WHAT YOU NEED TO DO: Please reproduce the lines from the one containing "phantom_assassin_wallpaper.jpg" through the end of the data below exactly as they stand, and omit all pictures.

SUPPLIED DATA:
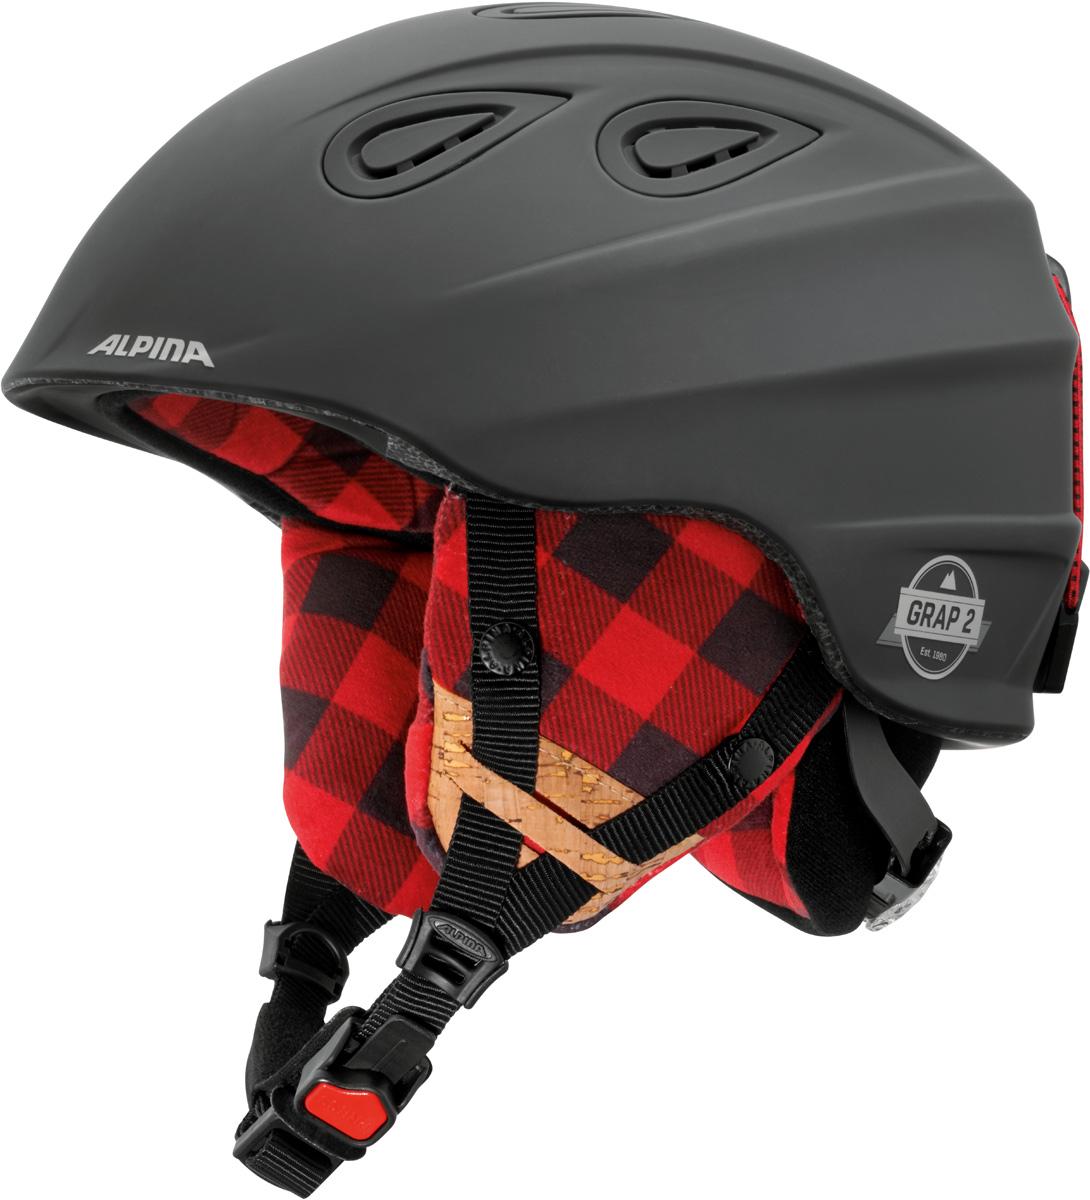 Шлем горнолыжный Alpina Grap 2.0 LE, цвет: черный. A9094_31. Размер 61-64A9094_31Шлем горнолыжный Alpina Grap 2.0 LE - одна из самых популярных моделей в каталоге горнолыжных шлемов Alpina. Надежный, многоцелевой шлем для широкого круга райдеров. L.E. - Limited Edition - ограниченная серия шлемов, выполненная в уникальной расцветке.Интенсивность воздушного потока можно регулировать. Вентиляционные отверстия шлема могут быть открыты и закрыты раздвижным механизмом.Съемные ушки-амбушюры можно снять за секунду и сложить в карман лыжной куртки. Если вы наслаждаетесь катанием в начале апреля, такая возможность должна вас порадовать. А когда температура снова упадет - щелк и вкладыш снова на месте.Внутренник шлема легко вынимается, стирается, сушится и вставляется обратно.Прочная и легкая конструкция In-mold. Тонкая и прочная поликарбонатная оболочка под воздействием высокой температуры и давления буквально сплавляется с гранулами EPS, которые гасят ударную нагрузку.Внутренняя оболочка каждого шлема Alpina состоит из гранул HI-EPS (сильно вспененного полистирола). Микроскопические воздушные карманы эффективно поглощают ударную нагрузку и обеспечивают высокую теплоизоляцию. Эта технология позволяет достичь минимальной толщины оболочки. А так как гранулы HI-EPS не впитывают влагу, их защитный эффект не ослабевает со временем.Из задней части шлема можно достать шейный утеплитель из мягкого микро-флиса. Этот теплый воротник также защищает шею от ударов на высокой скорости и при сибирских морозах. В удобной конструкции отсутствуют точки давления на шею.Вместо фастекса на ремешке используется красная кнопка с автоматическим запирающим механизмом, которую легко использовать даже в лыжных перчатках. Механизм защищен от произвольного раскрытия при падении.Ручка регулировки Run System Classic в задней части шлема позволяет за мгновение комфортно усадить шлем на затылке.Y-образный ремнераспределитель двух ремешков находится под ухом и обеспечивает быструю и точную посадку шлема на г
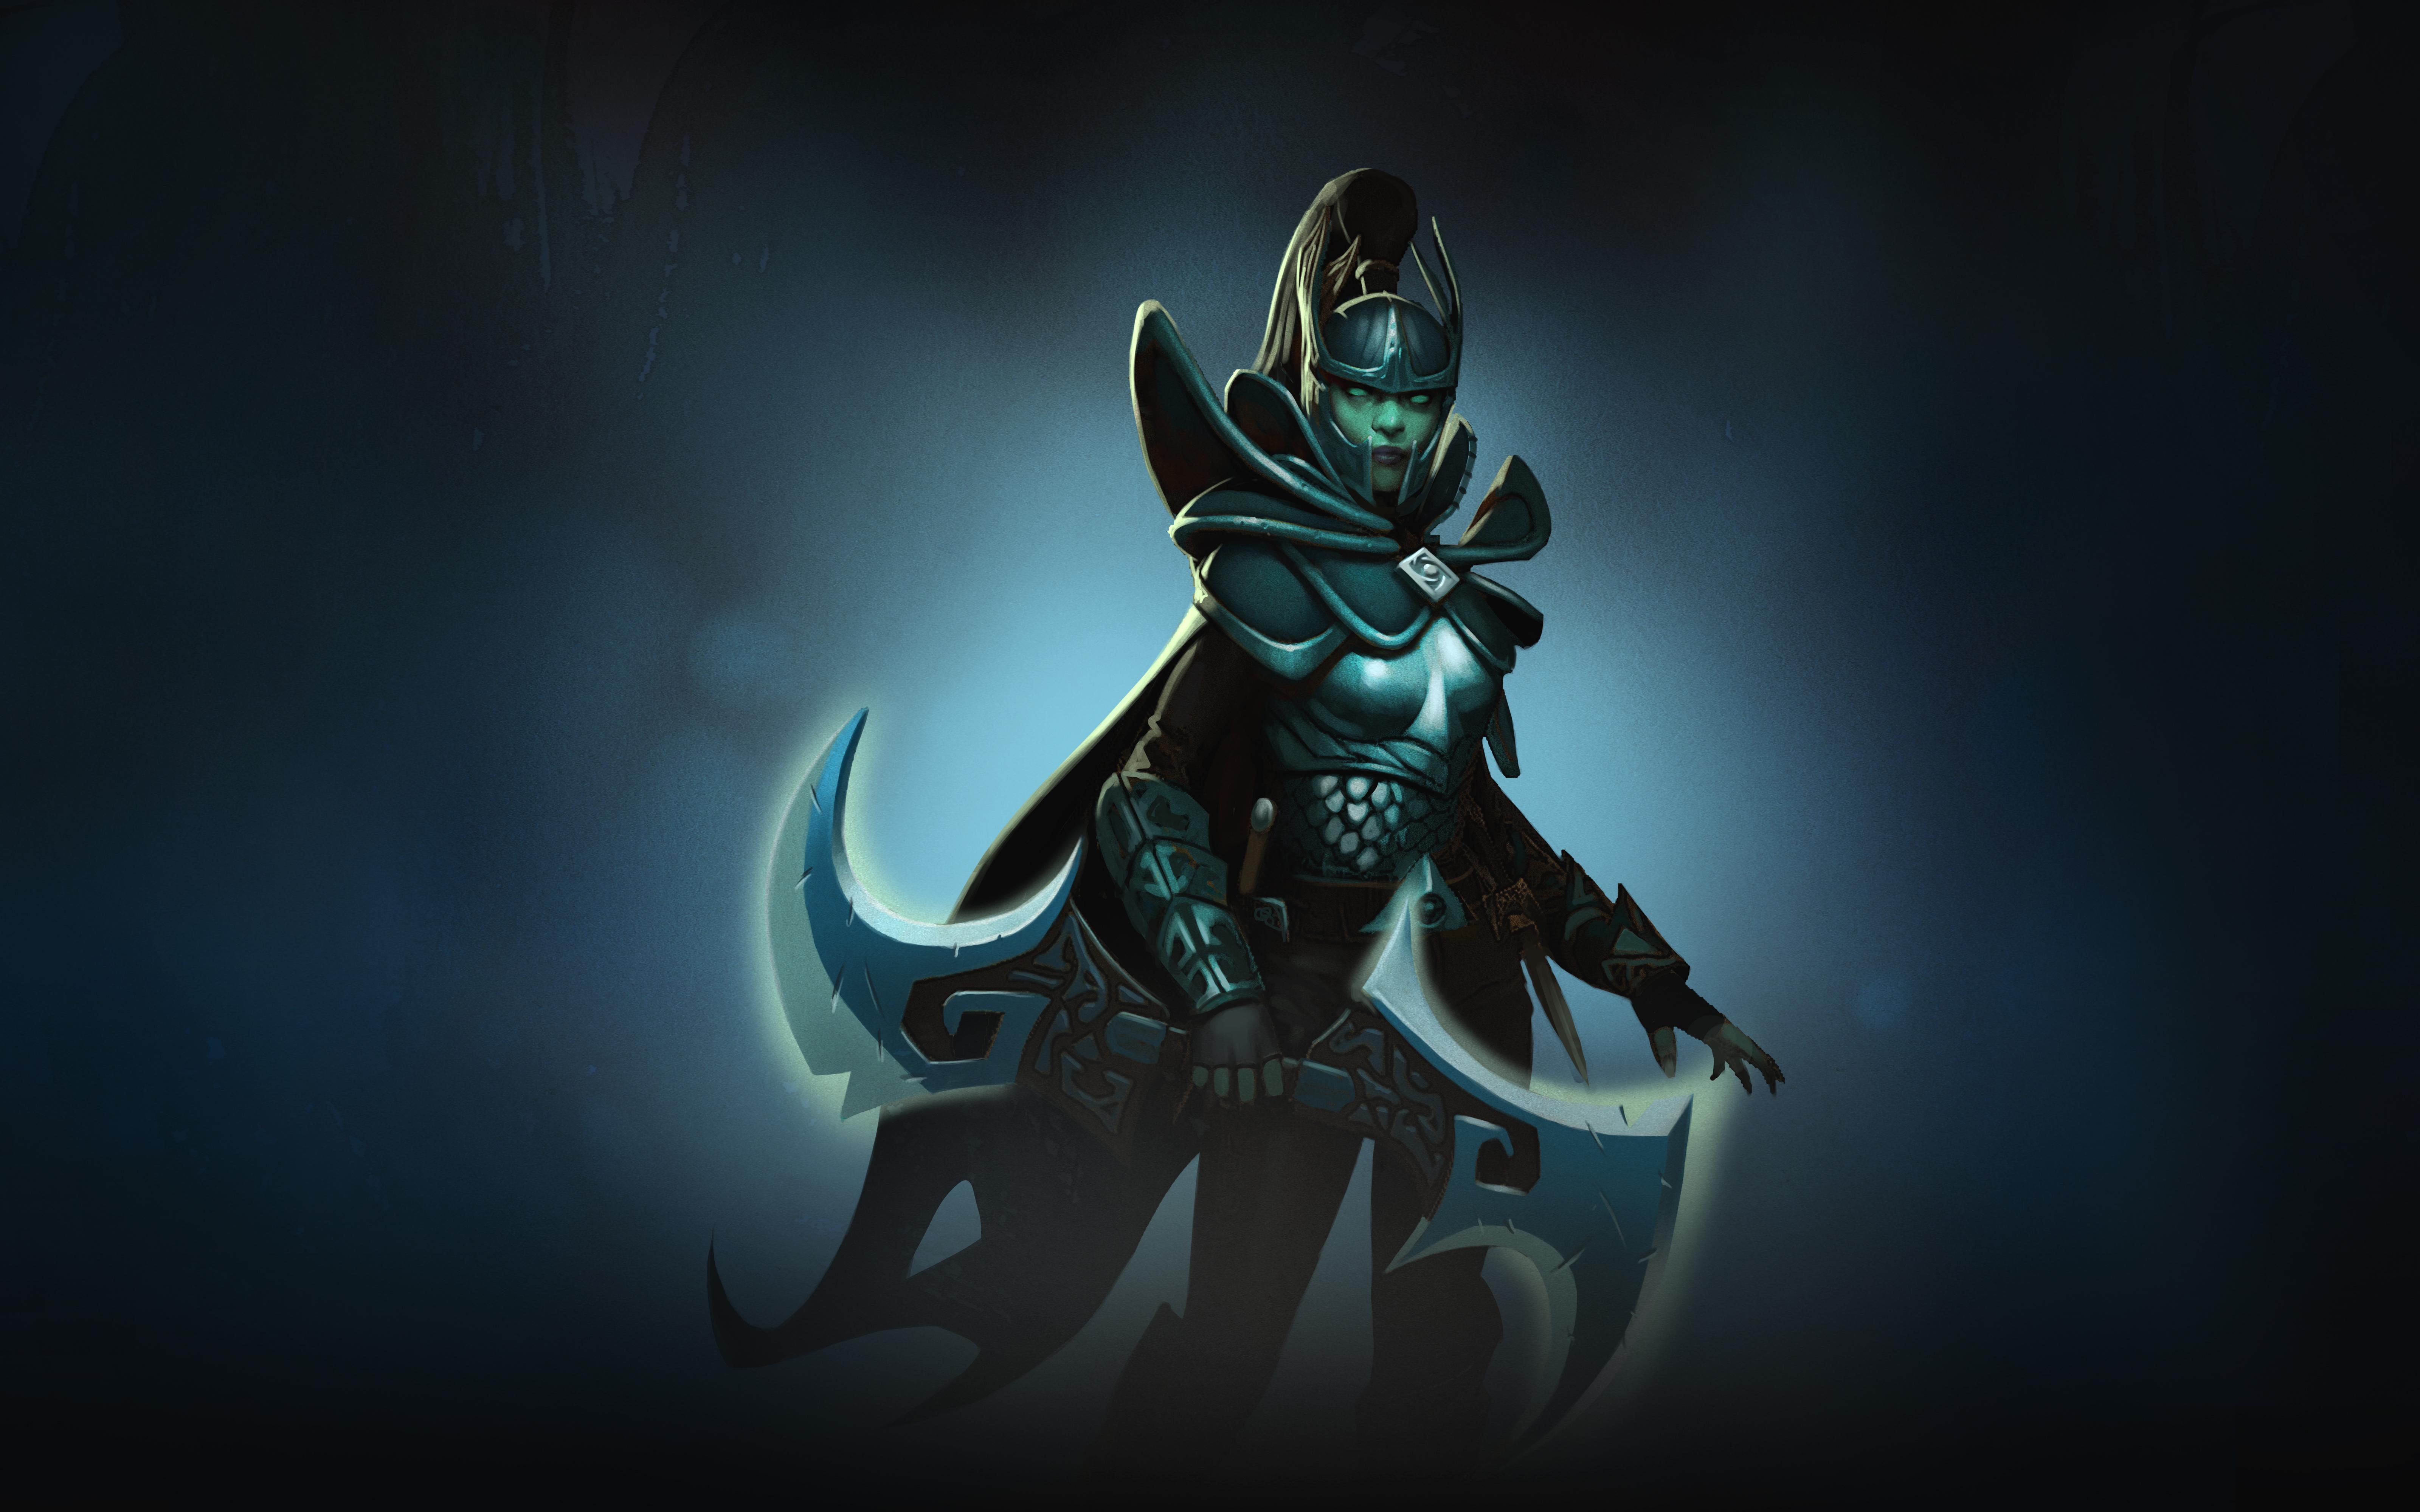 phantom_assassin_wallpaper.jpg
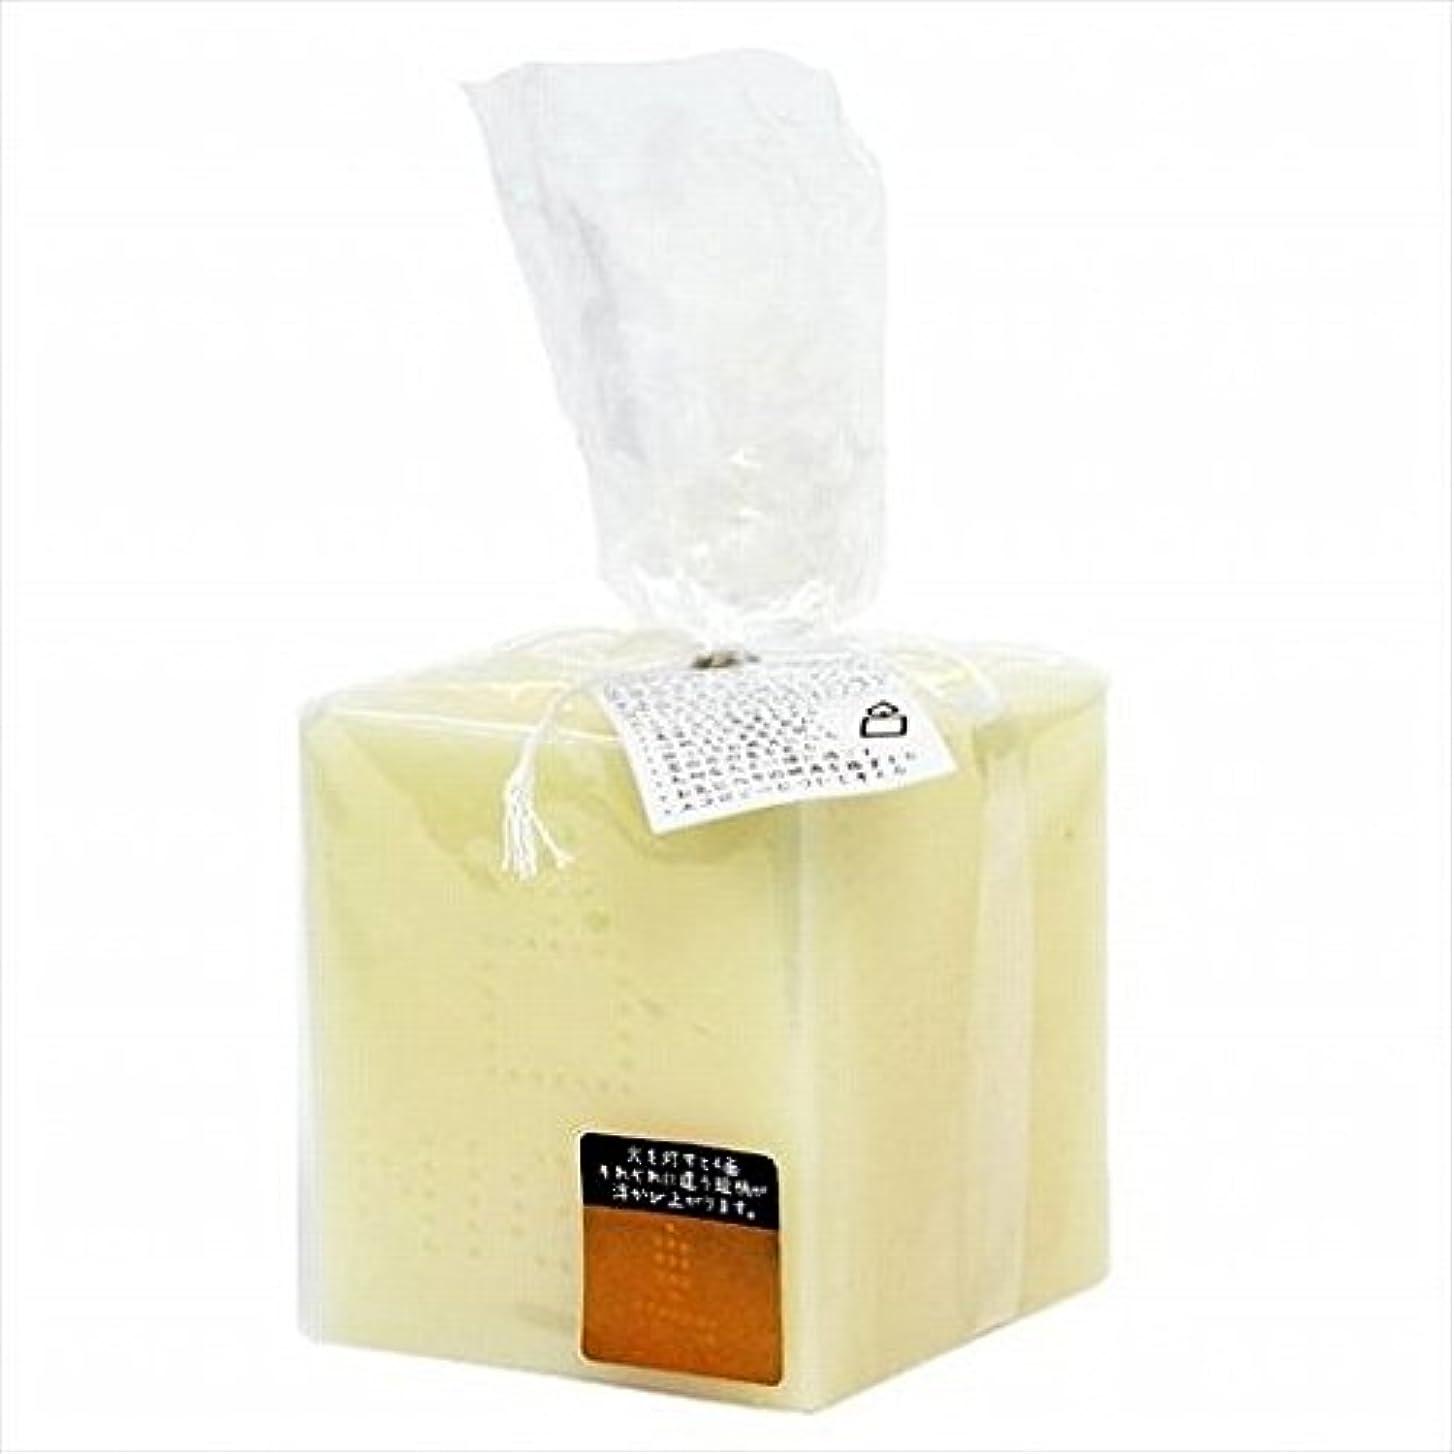 牛水陸両用kameyama candle(カメヤマキャンドル) キャンドルナイト キャンドル 70x70x160mm (A8640000)

WRITTEN ANSWER:
 phantom_assassin_wallpaper.jpg
 牛水陸両用kameyama candle(カメヤマキャンドル) キャンドルナイト キャンドル 70x70x160mm (A8640000)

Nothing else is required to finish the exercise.